Without the setup file, register matchers manually:

import { matchers } from "@chat-adapter/tests/matchers";
expect.extend(matchers);

Mock factories

import {
  createMockAdapter,
  createMockChatInstance,
  createMockState,
  createTestMessage,
  mockLogger,
} from "@chat-adapter/tests";
FactoryReturnsNotes
createMockAdapter(name?, overrides?)AdapterEvery method is vi.fn() with sensible defaults
createMockChatInstance(options?)ChatInstanceEvery process* handler is vi.fn(); getState/getUserName/getLogger wired up
createMockState()MockStateAdapterIn-memory Maps for subscriptions, locks, KV, lists, queues; cache exposes the underlying map
createTestMessage(id, text, overrides?)MessageMarkdown text is parsed into the formatted AST
mockLogger / createMockLogger()LoggerShared default vs fresh-per-call

Matchers

MatcherAsserts
expect(adapter).toHavePosted(threadId, textPattern?)adapter.postMessage was called for this thread
expect(adapter).toHaveEdited(threadId, messageId, textPattern?)adapter.editMessage was called for this message
expect(adapter).toHaveDeleted(threadId, messageId)adapter.deleteMessage was called for this message
expect(adapter).toHaveReactedWith(threadId, messageId, emoji)adapter.addReaction was called with the emoji (string or EmojiValue.name)
expect(adapter).toHaveStartedTyping(threadId)adapter.startTyping was called for this thread
expect(adapter).toHavePostedToChannel(channelId, textPattern?)adapter.postChannelMessage was called for this channel
expect(chat).toHaveDispatched(handler)The named process* handler on the mock ChatInstance was called
expect(state).toBeSubscribedTo(threadId)state.isSubscribed(threadId) resolves to true (async — await expect(...))

Text-pattern matchers extract a comparable string from AdapterPostableMessage — strings directly, PostableMarkdown.markdown, PostableRaw.raw, and PostableCard.fallbackText. AST-shaped messages and cards without fallbackText aren't text-matchable; assert without textPattern and inspect mock.calls directly.

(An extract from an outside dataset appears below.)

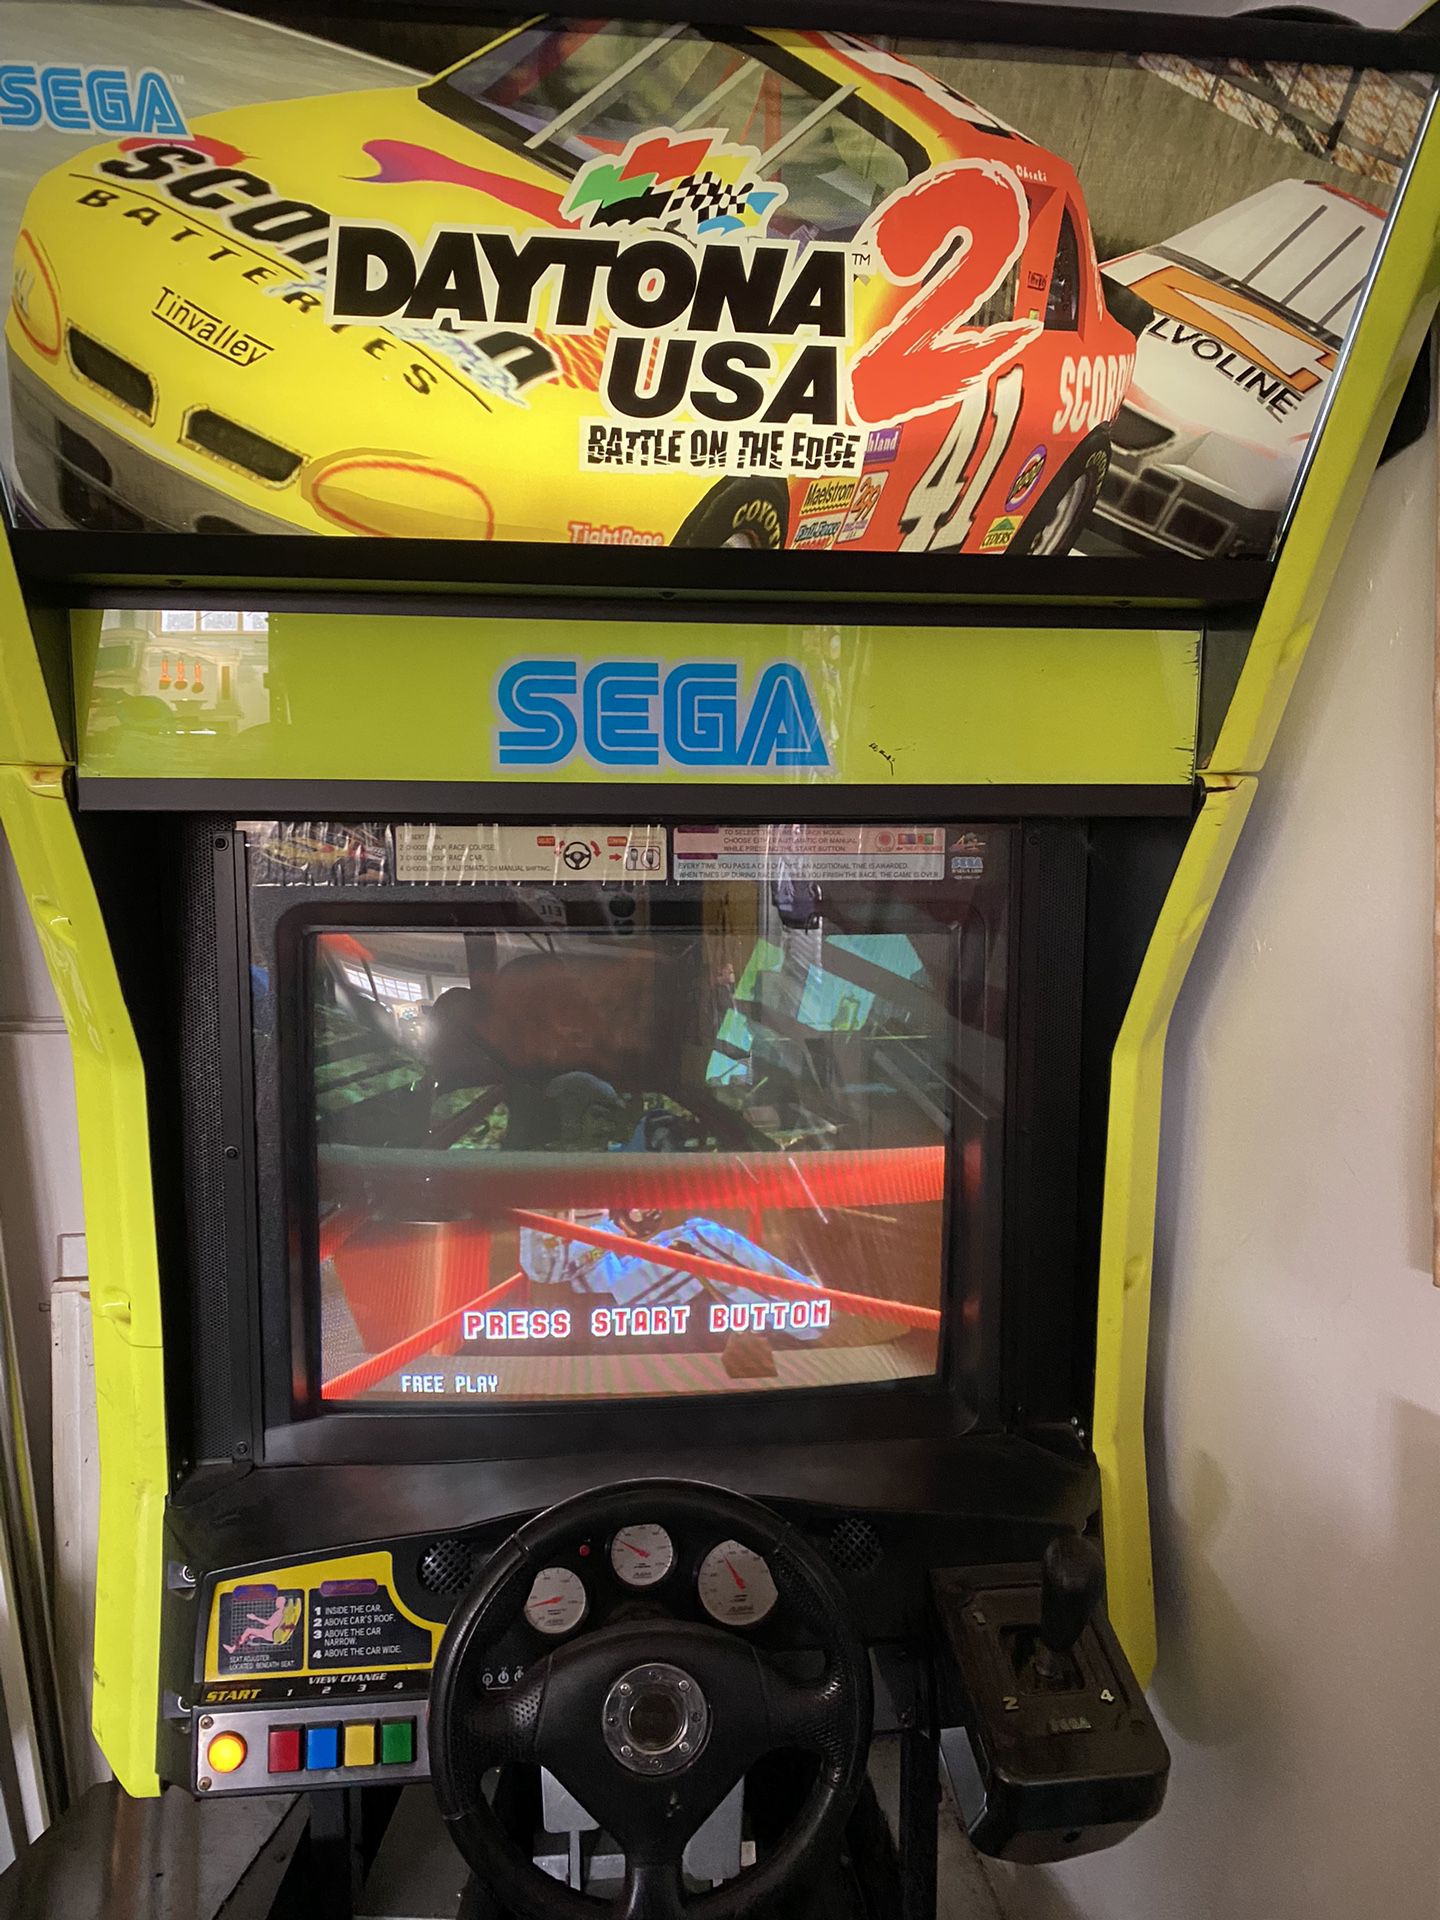 Sega - Daytona USA 2

Bot authors: test your handlers

When you're building a bot on top of Chat SDK, the kit lets you exercise your handlers without a real Slack/Teams/etc. webhook on the wire:

bot.test.ts
import { describe, expect, it } from "vitest";
import { Chat } from "chat";
import { createMockAdapter, createMockState } from "@chat-adapter/tests";

describe("bot handlers", () => {
  it("replies with a greeting on mention", async () => {
    const slack = createMockAdapter("slack");
    const state = createMockState();
    const bot = new Chat({
      userName: "mybot",
      adapters: { slack },
      state,
    });

    bot.onNewMention(async (thread) => {
      await thread.post("hello there");
    });

    // Drive a synthesized mention through the bot…
    // (use your adapter's webhook path or a thread-level call)

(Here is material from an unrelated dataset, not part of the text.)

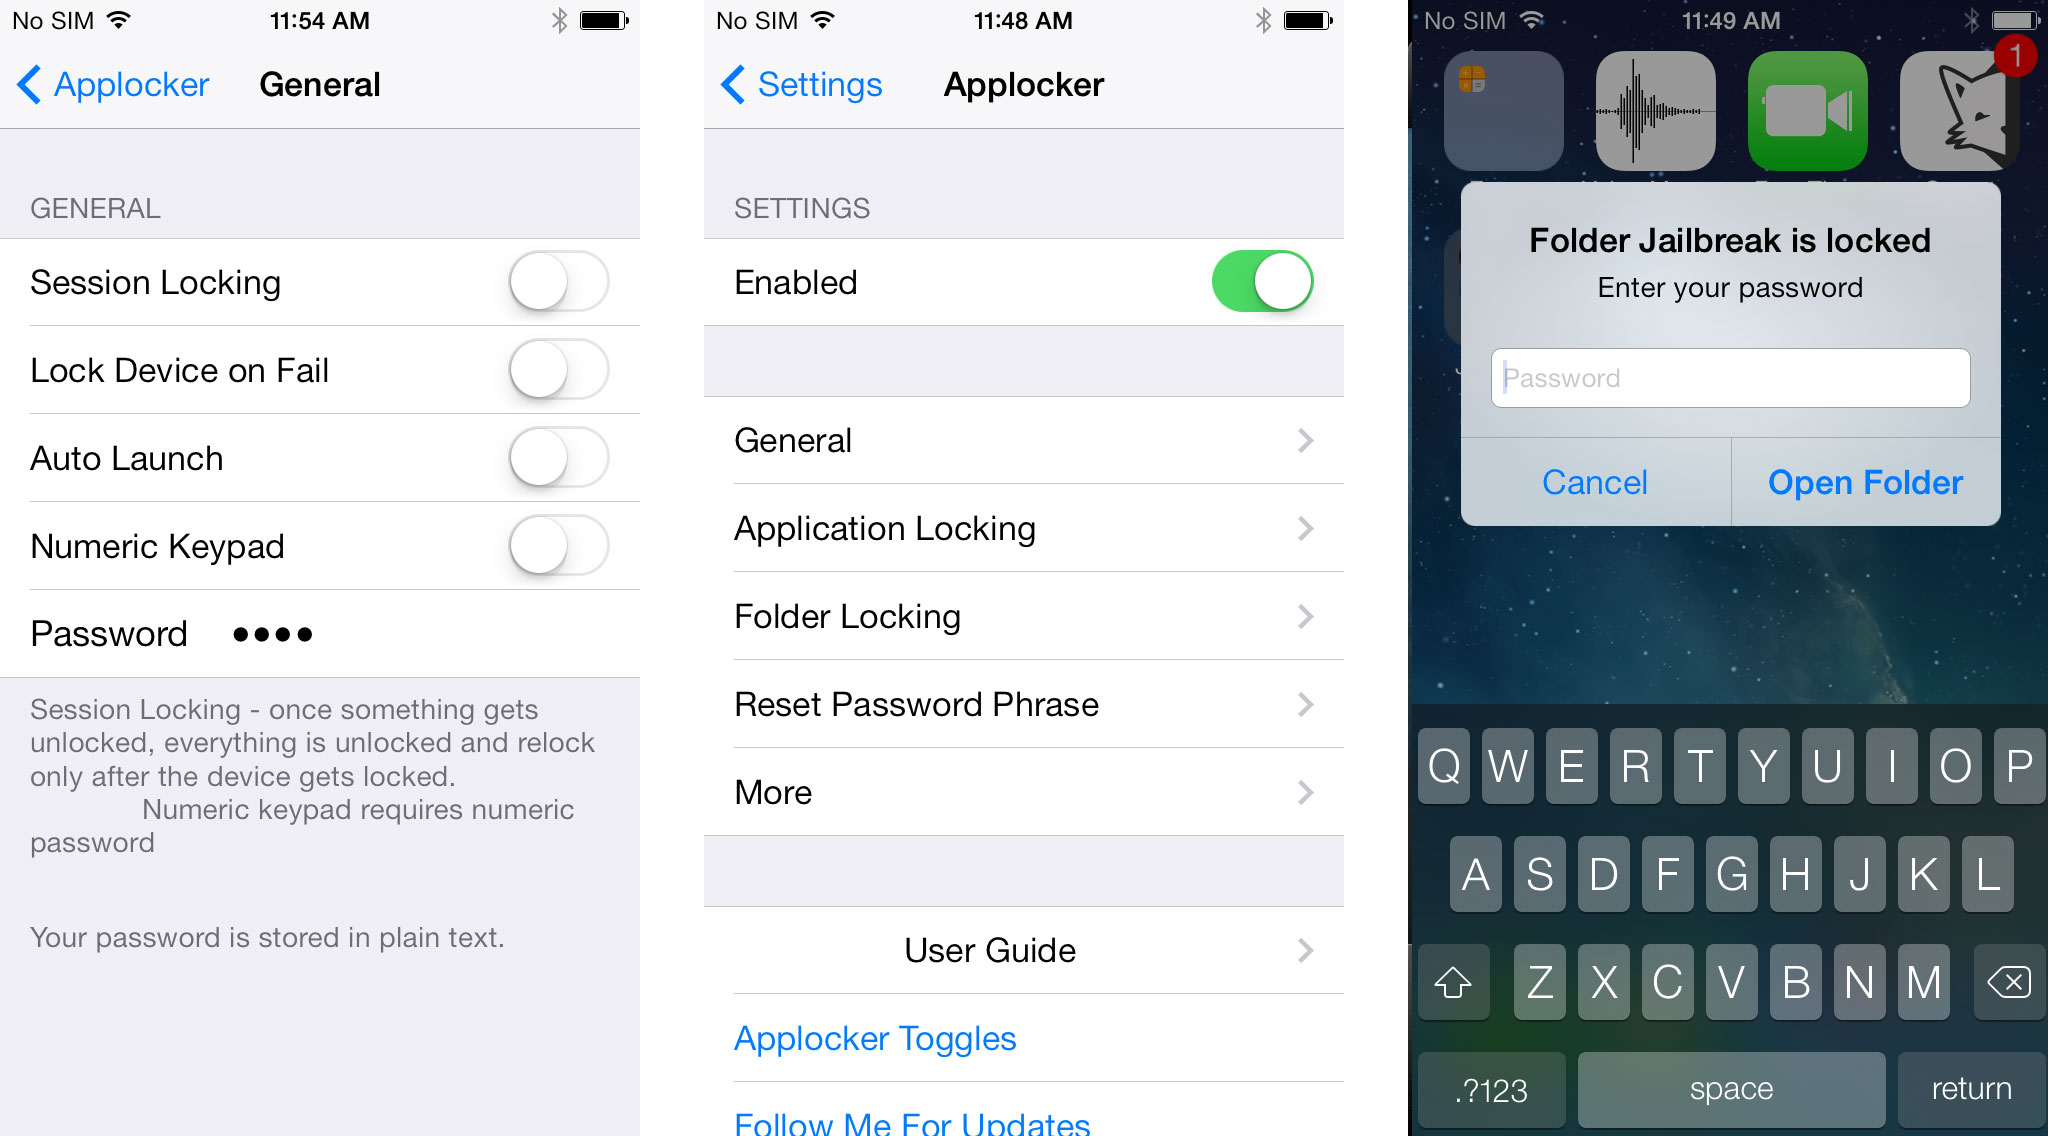 Best jailbreak tweaks that make iOS 7 even better: Applocker

    expect(slack).toHavePosted("slack:C1:t1", /hello there/);
  });
});

Adapter authors: test webhook → dispatch

When you're building a custom Adapter, the kit gives you a ChatInstance mock you can hand to your adapter and assert that webhooks route through the right process* hook with the right normalized payload:

adapter.test.ts
import { describe, expect, it } from "vitest";
import { createMockChatInstance } from "@chat-adapter/tests";
import { MyAdapter } from "./adapter";

describe("MyAdapter.handleWebhook", () => {
  it("dispatches incoming messages through processMessage", async () => {
    const chat = createMockChatInstance();
    const adapter = new MyAdapter({ /* config */ });
    await adapter.initialize(chat);

    const request = new Request("https://example.com/webhook", {
      method: "POST",
      body: JSON.stringify({ /* platform-specific payload */ }),
      headers: { "content-type": "application/json" },
    });
    const response = await adapter.handleWebhook(request);

    expect(response.status).toBe(200);
    expect(chat).toHaveDispatched("processMessage");
  });
});

Adapter-specific helpers

Helpers that depend on a specific platform's wire format (signed Slack webhooks, Teams claim builders, etc.) live in each adapter's own /testing subpath rather than in this kit, so adopting @chat-adapter/tests doesn't pull in adapter dependencies you don't use.

If you're contributing adapters or core to this repo, see the Testing adapters contributing guide for hand-rolled patterns used inside packages/.